I love that we are able to save up so many memories to reflect on during our quieter times at this time of year. Whether it is watching a familiar film or TV programme, looking through old photos or meeting with loved ones, we store up our memories like the animals hoard food for over the cold months. These remembrances get us through the darker days like the squirrel’s nuts get it through the cold, hungry days of winter. 

TEDx Peterborough

Autumn achievements

There have of course been other new memories, this autumn, such as me doing my first TEDx Talk. I will definitely never forget that. The worry that I wouldn’t get my voice back in time will stay with me for a long time. I am so relieved that I managed to get through it, and I learned so many lessons along the way too. I learned to release so much that week, just like the trees are releasing their leaves at this time of year.

All in all, autumn can be a bit of a rollercoaster, not just for me, but for many people. It is a time of reflection, of introspection. A time for self care and nourishing our physical and emotional needs. I know I am grateful for the darker evenings and a feeling that it is more acceptable to huddle inside with our loved ones and not be quite so sociable. I find this time of year nourishing.

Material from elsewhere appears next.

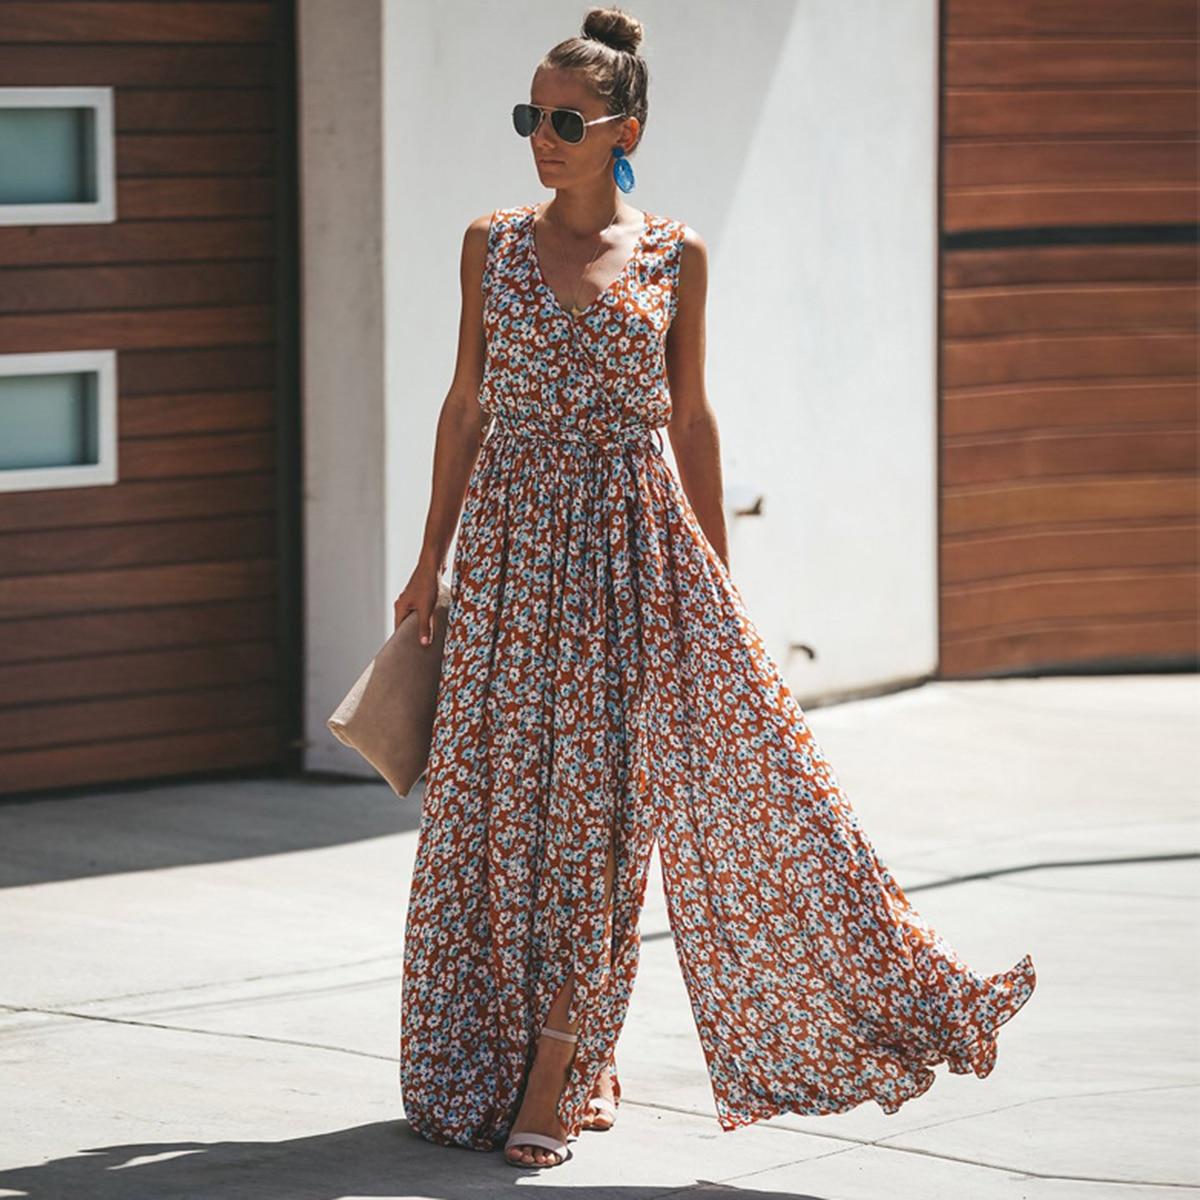 Jastie Women Summer Dress Floral Print Maxi Dresses Bohemian Hippie Beach Long Dress Women's Clothing 2021 vestidos de verano

Some days are incredibly productive and I haul up in my office and immerse myself in my writing, or clean out a cupboard. Other days, I just want to sit with a book or watch a film and cocoon myself. That’s ok too. Just as the Autumn Equinox has equal length day and night, life is about balance.

With a little self care and a focus on the turning of the year, appreciating that this is how we are meant to behave, we get through to the lighter days when I have to put my boots and chunky jumpers back into storage, and enjoy the return of the leaves on the trees and the green is so bright it fills our hearts with joy. 

One thing I know for sure, is that as much as I love autumn, I am so grateful that I live in a part of the world where we have seasons and I can embrace each and the lessons it has to teach me.